** Problem **
Output the data verbatim, minus the images.

** Opening Information provided block **

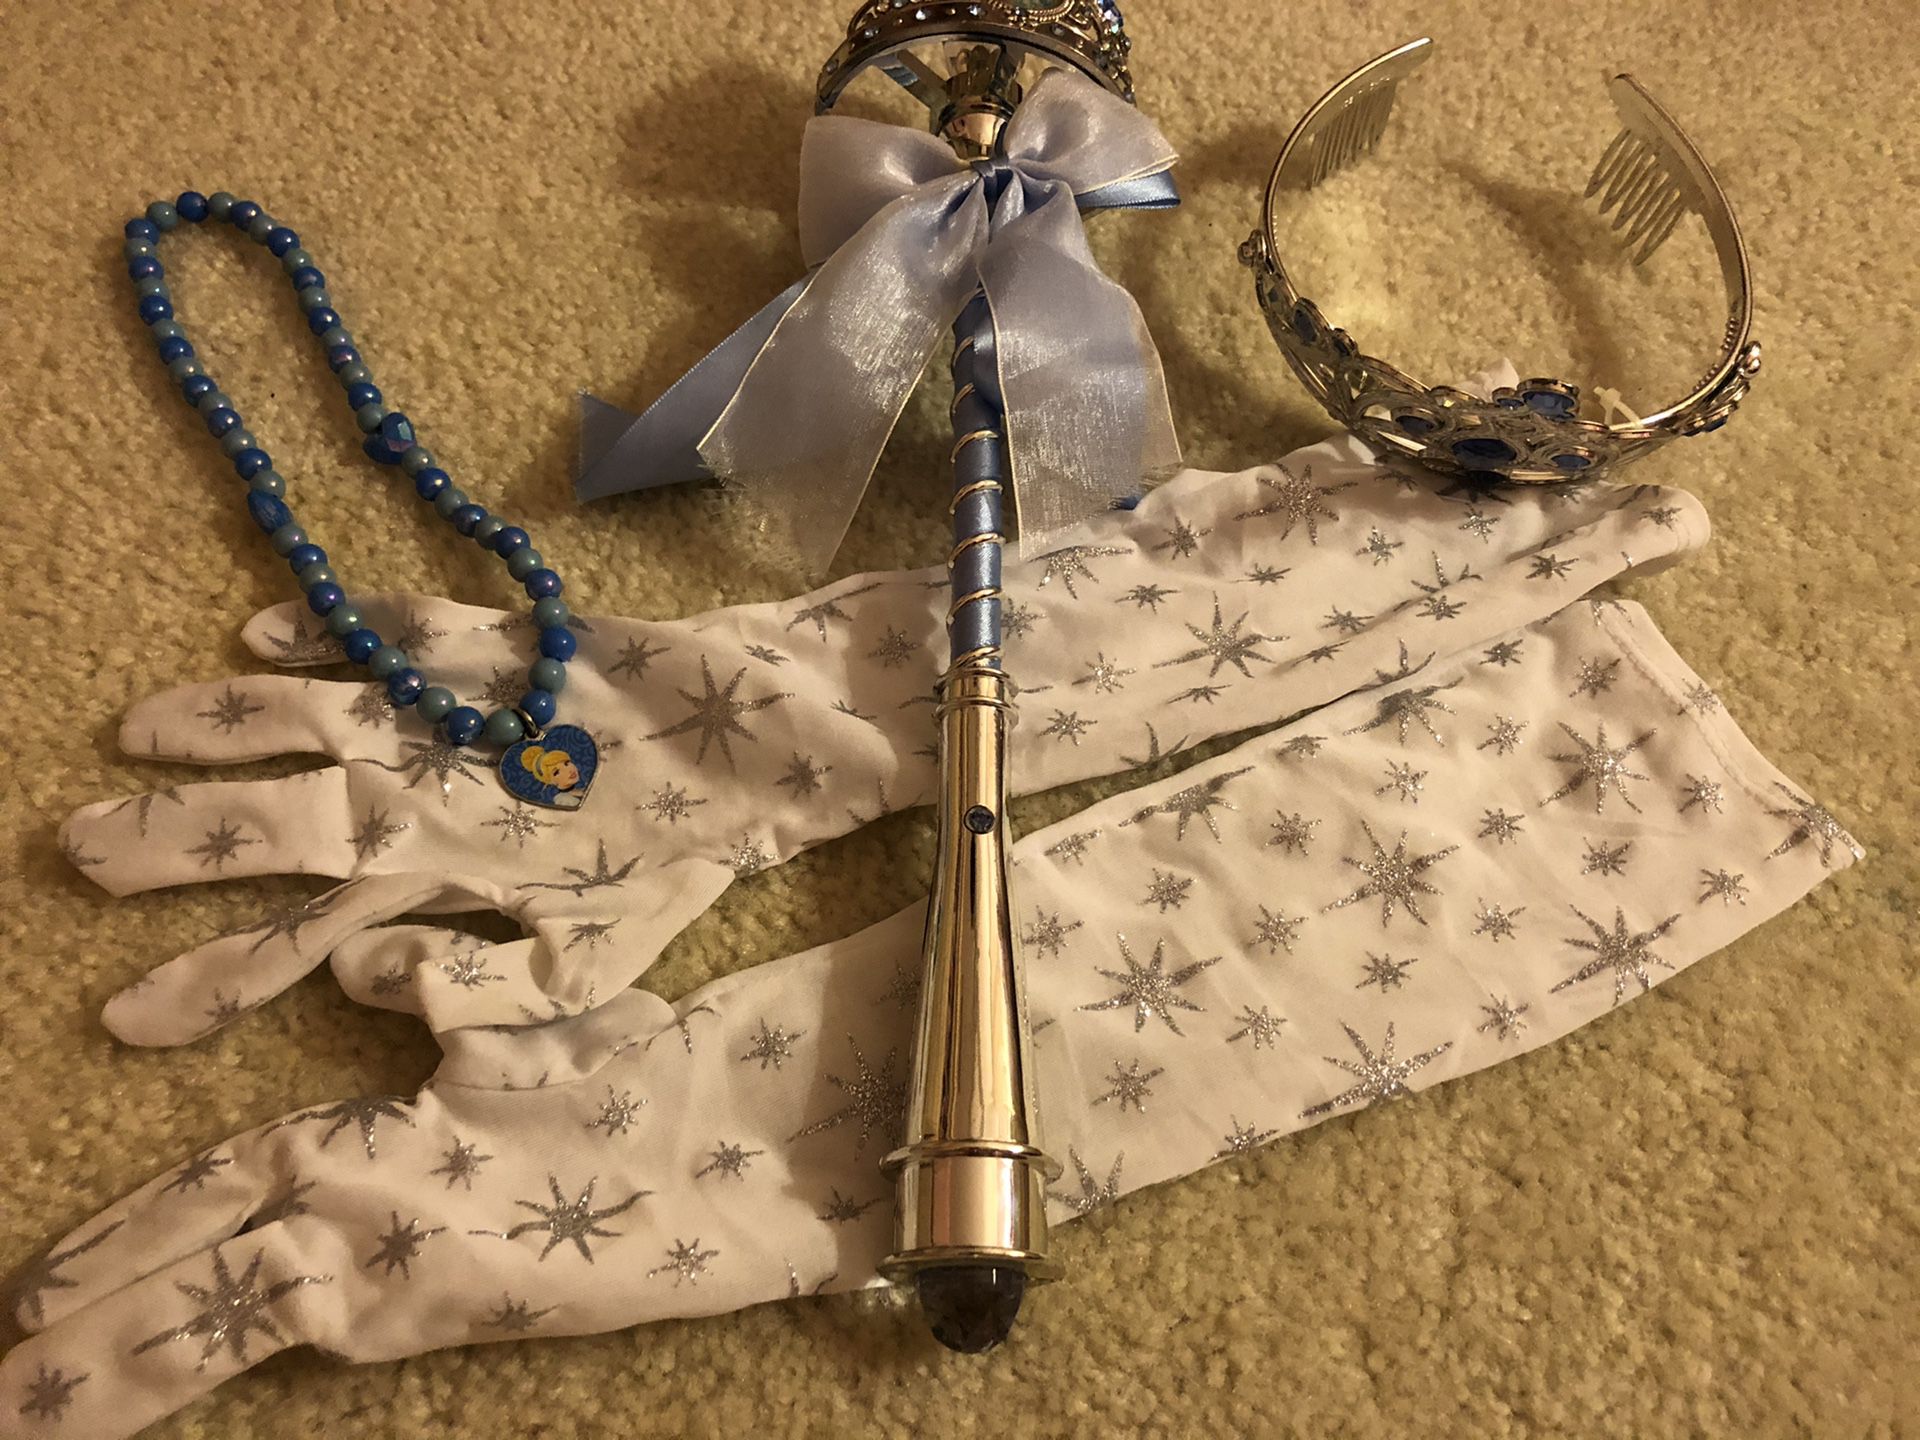 Disney Princess Cinderella costume accessories
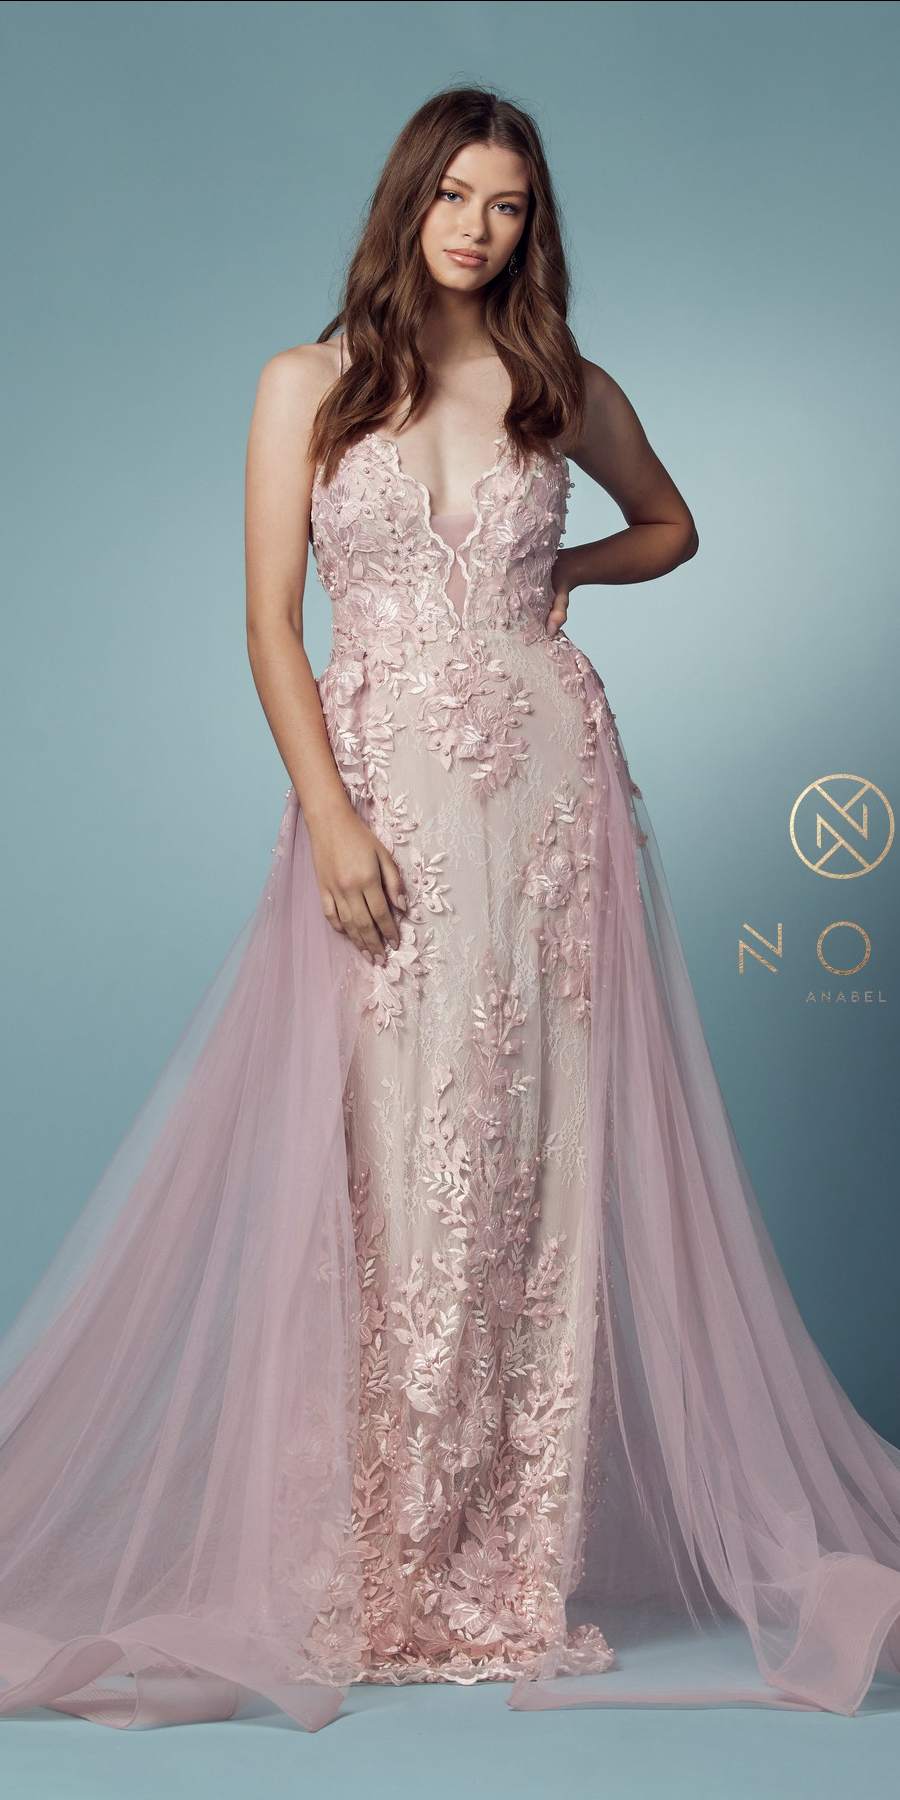 Nox Anabel F485 Dress
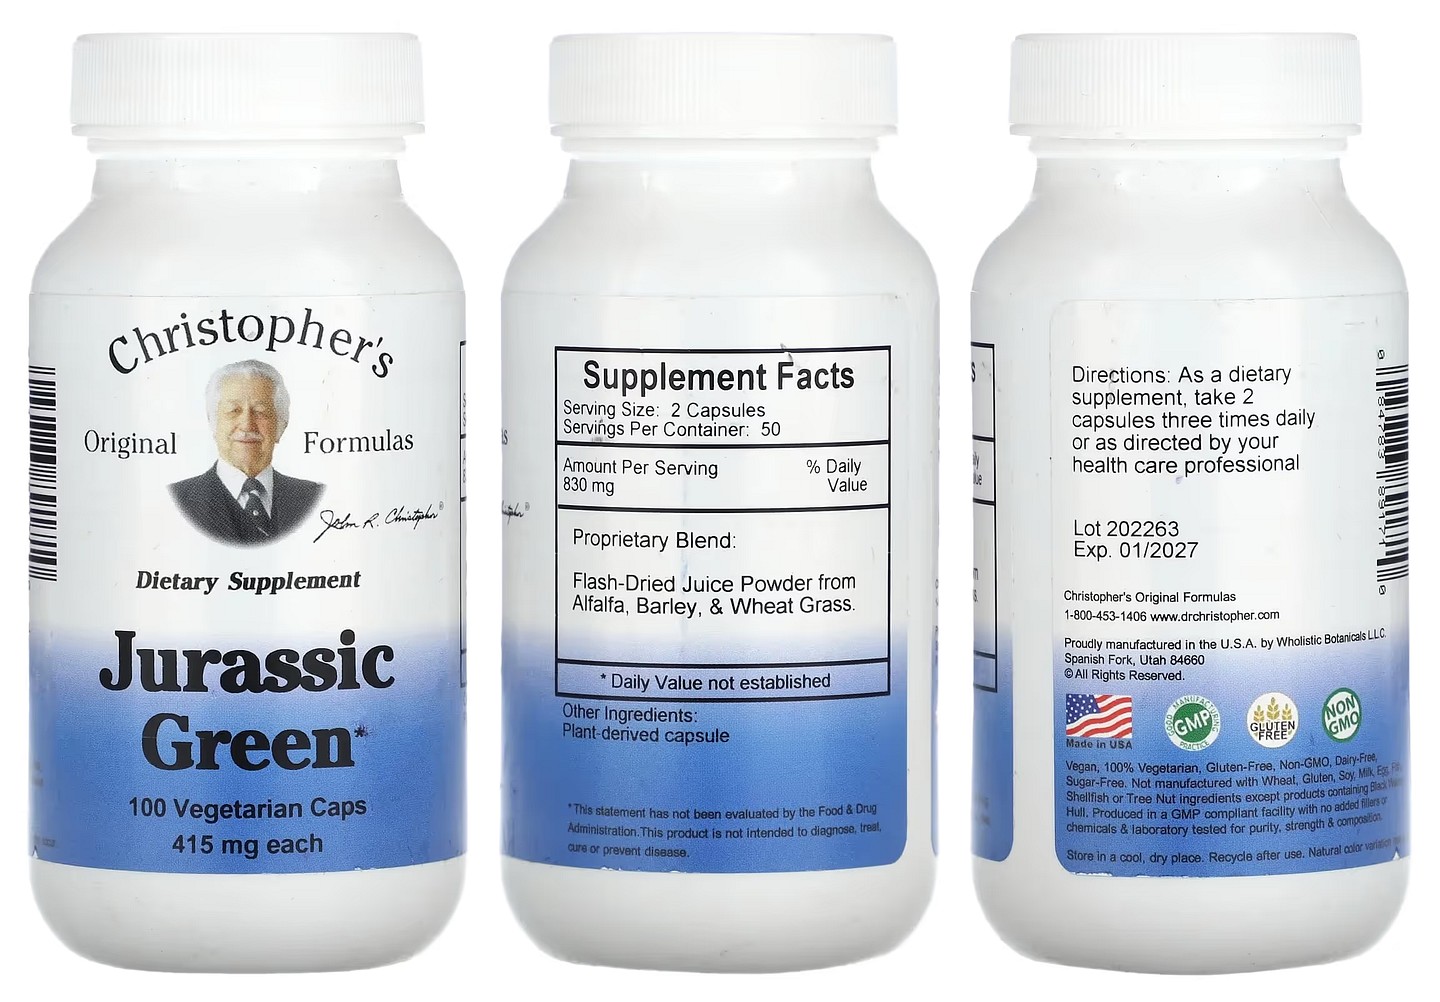 Dr. Christopher's, Jurassic Green packaging
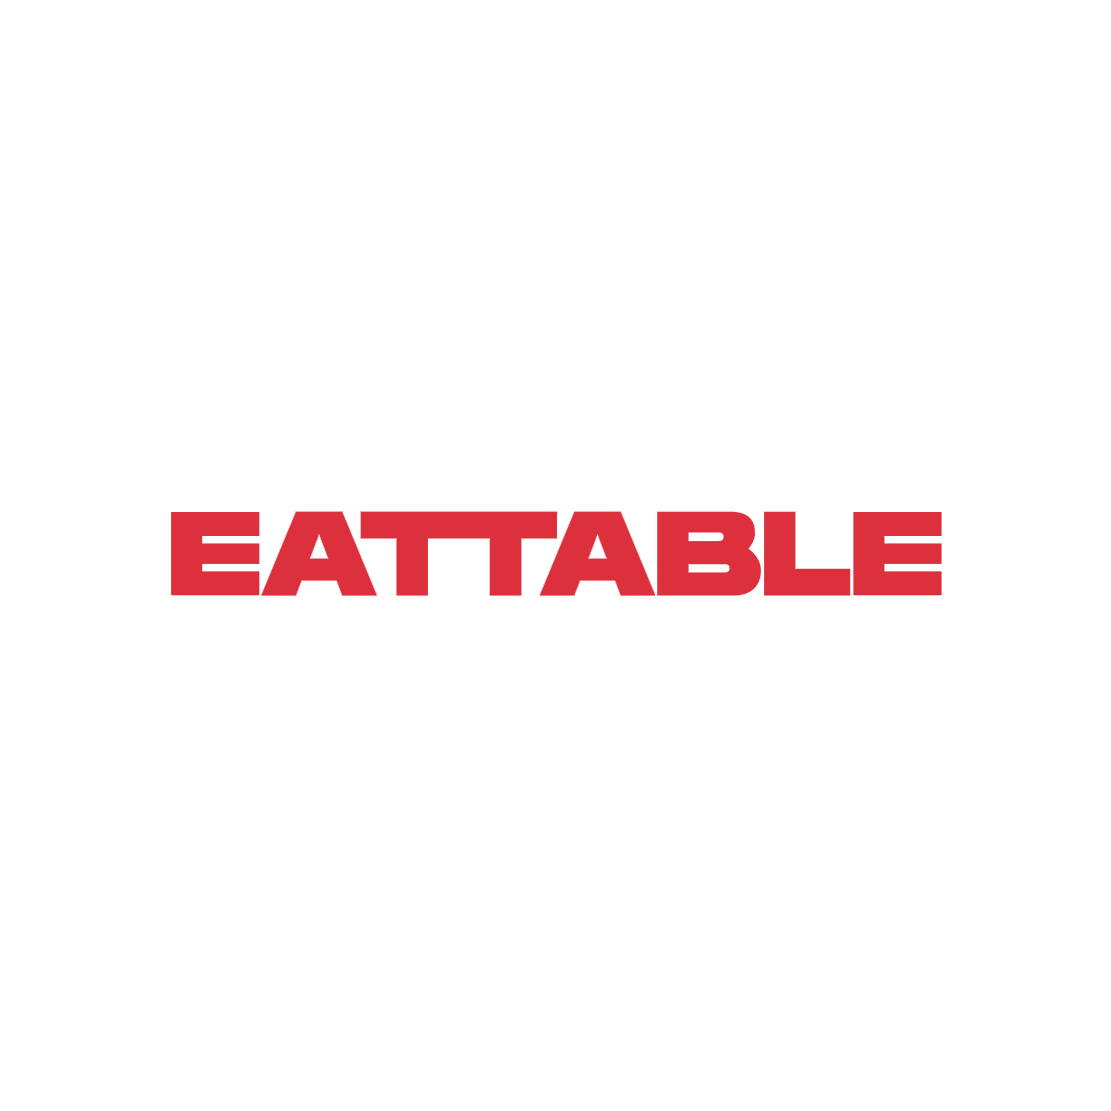 EATTABLE

** Closing Information provided block **

** Solution to this problem **
 Disney Princess Cinderella costume accessories
 Nox Anabel F485 Dress
 Dr. Christopher's, Jurassic Green packaging
 EATTABLE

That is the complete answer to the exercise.